The important point for your issue is the key “prefix” in the “bump” section. For the “bumpparameters_nicas_gfs_aero_c96” run, it is set to “…/bump_aero/fv3jedi_bumpparameters_nicas_gfs_aero”. This means that all the files produced by BUMP will be written as “…/bump_aero/fv3jedi_bumpparameters_nicas_gfs_aero_XXX.nc” where XXX is a suffix depending on the data that are written. So before running this test, you have to make sure that the directory “…/bump_aero” is empty. Can you try again? Unfortunately, I don’t have access to the NOAA machine you are probably using. If it doesn’t work, please send me the output log file, I’ll check it too.

Regarding the vertical coordinate, BUMP is not really aware of it since it is provided in the model interface. For instance in FV3-JEDI, a “fake” sigma coordinate is passed, see fv3-jedi/fv3jedi_geom_mod.f90 at 6b0b1806c9ac3d9262301465cb4483972e83a33f · JCSDA/fv3-jedi · GitHub Thus, the unit of “rv” in the yaml file for FV3-JEDI is the “sigma”-unit.
If the vertical coordinate was pressure, the unit of “rv” would be pascals, and so on. So if you want to use the logarithm of pressure, you have to change the vertical coordinate in the “fill_atlas_fieldset” subroutine of fv3jedi_geom_mod.f90. You could look at the “getVerticalCoordLogP” subroutine as an example. Let me know if you need some more help about this issue.

Have a good day,
Benjamin


From @hbo9955:

Hi Benjamin,

Thanks for your prompt response. I attached the log files from four runs in my last email. I empty the directory where the BUMP files are written to before each run. Only “bump_gfs_aero_c99.out” has the writing error message at the end of this file.

I also tried to only include two variables [sulf, bc1] in bump_gfs_aero_c96.yaml like bump_gfs_c96.yaml. It also shows similar errors.

Thanks for your response to the vertical coordinate question. We will look into it and will let you know if we need help from you.

Best,
Bo


From @danholdaway:

Hi Bo,

Can you send your bump_gfs_aero_c96.yaml?

Thanks,
Dan


From @hbo9955:

Hi Dan,

Yaml file is attached,

Thanks,
Bo


From @danholdaway:

new_nicas: 1 is likely wrong in this yaml file. It is telling bump to create a new operator, when you’ve already created it in the prior step and are trying to read it in the prefix line. That means it will try to write to the existing files.


From @hbo9955:

That makes sense.

I also see new_nicas;1 is also in the bumpparameters_nicas_gfs.yaml for [T, ps] variables. Is this error possibly caused by the codes related to aerosol BUMP? If so, I think I will need to talk to Andrew who developed the aerosol BUMP capability.

Bo


From @danholdaway:

Bo,

It is correct to have it in that file. There is a two step process.

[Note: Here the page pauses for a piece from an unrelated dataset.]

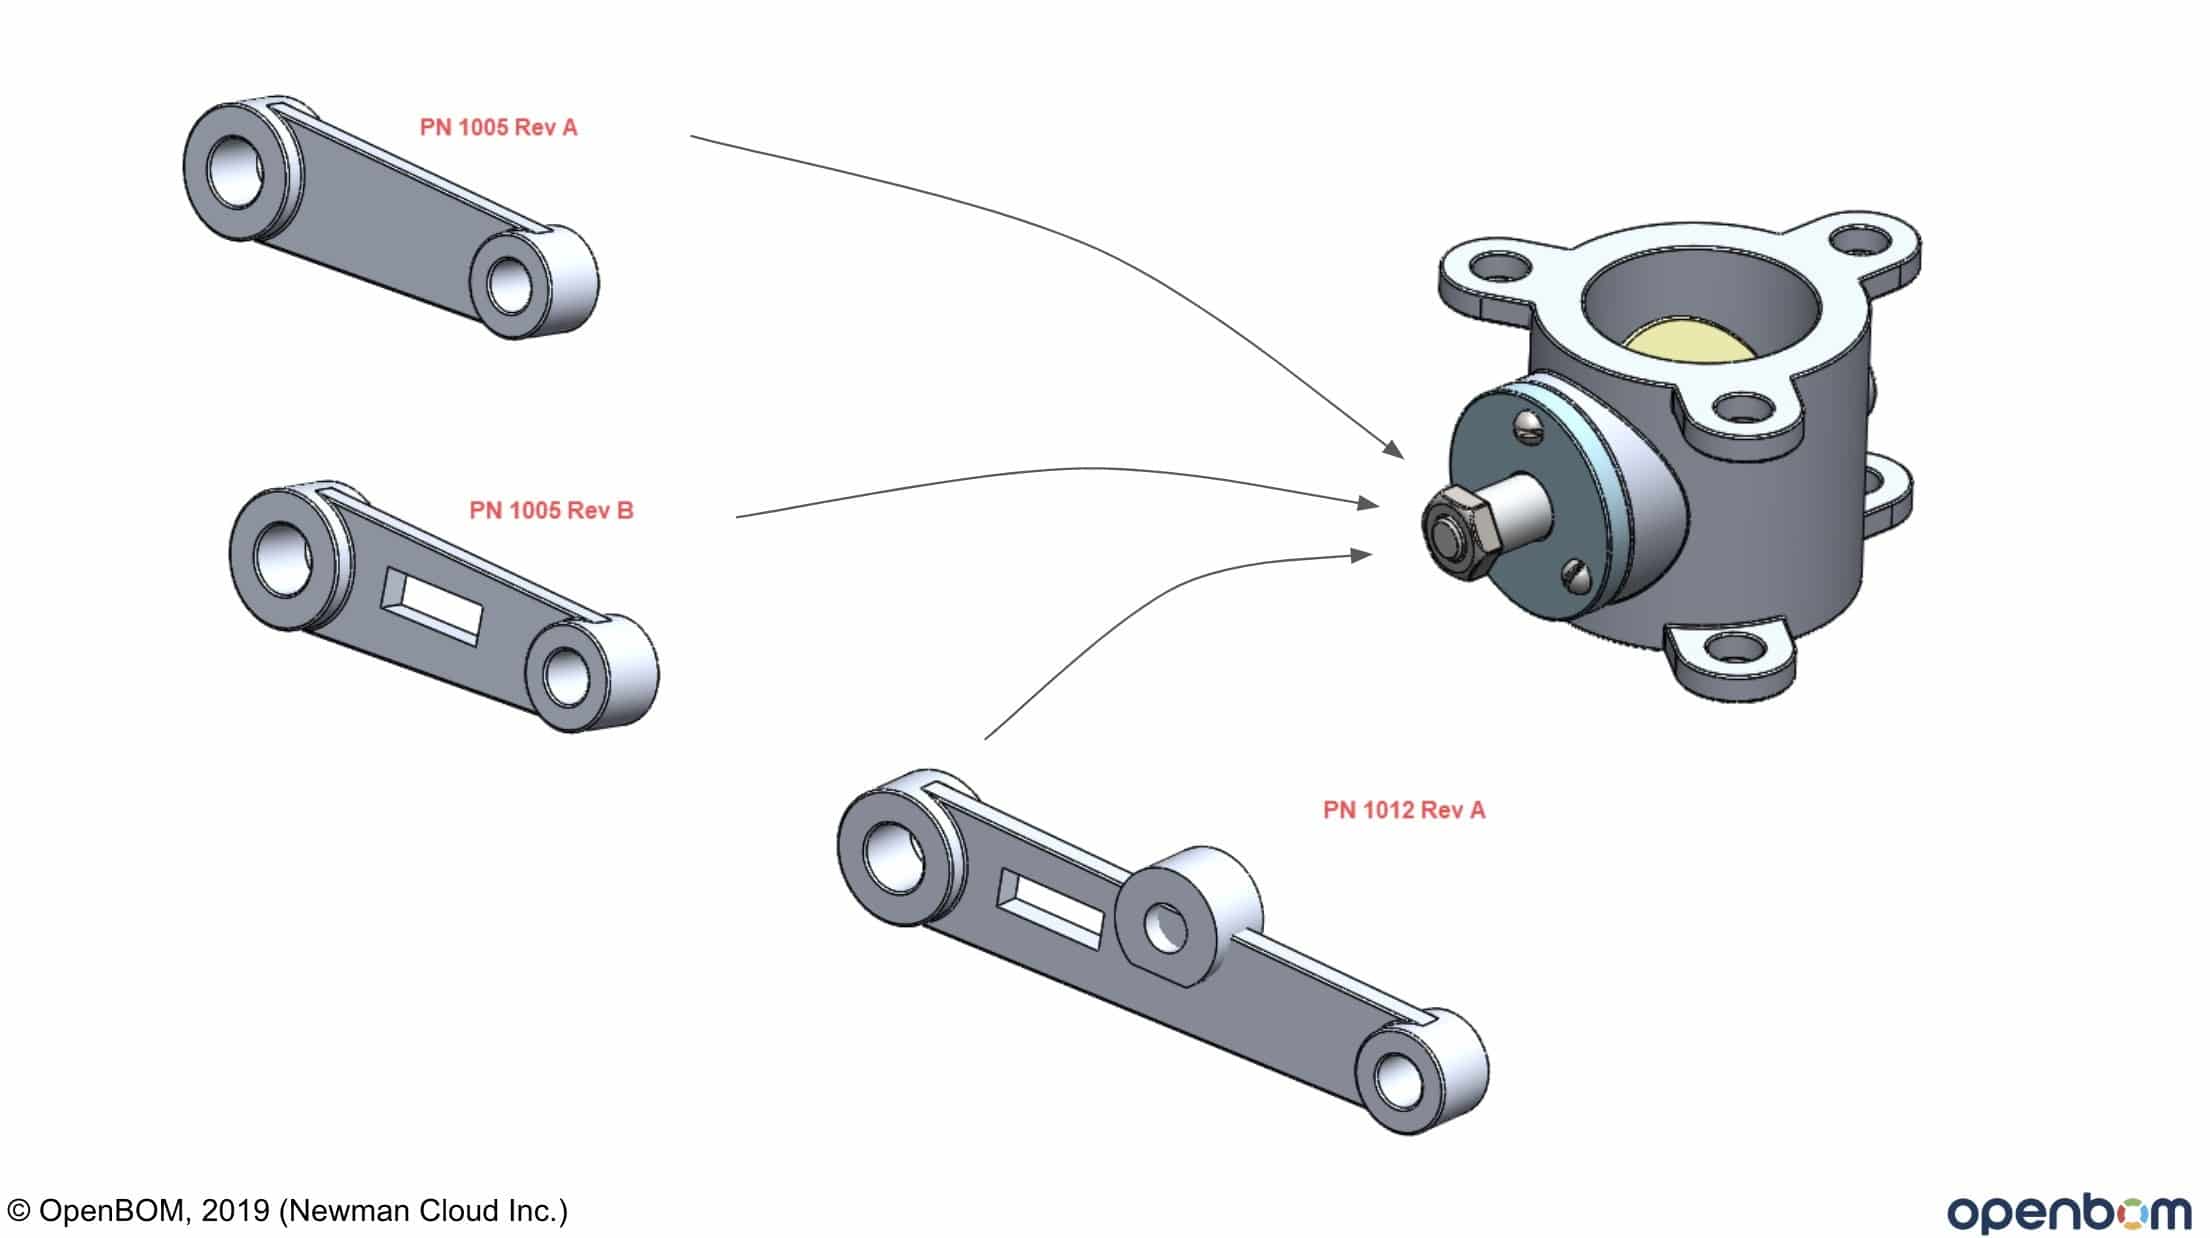 Interchangeable Parts – New Part Number or Revision?

  1. Run BUMP parameters to generate localization and or covariance model (new_nicas:1 in bumpparameters_nicas_gfs.yaml).

  2. Run assimilation that reads precomputed BUMP models (new_nicas:0 in bump_gfs_aero_c96.yaml)

Thanks,
Dan.


From @hbo9955:

Hi Dan,

Thanks for the clarification. I think I did not interpret my problem clearly.

My goal is to run Step 1 to generate localization and/or covariance model for aerosols using bumpparameters_nicas_gfs_aero.yaml at C96. So new_nicas: 1 should be fine in this yaml file. But it caused writing errors.

The four log files I uploaded are from running bumpparameters_nicas_gfs.yaml and bumpparameters_nicas_gfs_aero.yaml at C12 and C96. I only got the writing errors, when running bumpparameters_nicas_gfs_aero.yaml at C96. The other three worked fine.

Thanks,
Bo


From @benjaminmenetrier:

Hi Bo,

I think I understand your problem now, sorry I didn’t notice the issue earlier.

When running bumpparameters_nicas_gfs_aero.yaml at C12 or C96, you are generating the NICAS operator with fixed length-scales several times (once for each variable) and overwriting each time in the same NetCDF group because of how the “io_keys” and “io_values” keys are set. Even if the NICAS subgrid size (nc1) is the same each time, the random subsampling can lead to different local subgrid sizes for each MPI task when the subsampling process is repeated for each variable. Thus, nc1b is different for each variable (as you can see in the log file of C96), which explains the crash. It does not crash at resolution C12 because the grid is so coarse that all points are kept in the NICAS subsampling (nc1b = 144), so the NICAS variables are overwritten without any problem.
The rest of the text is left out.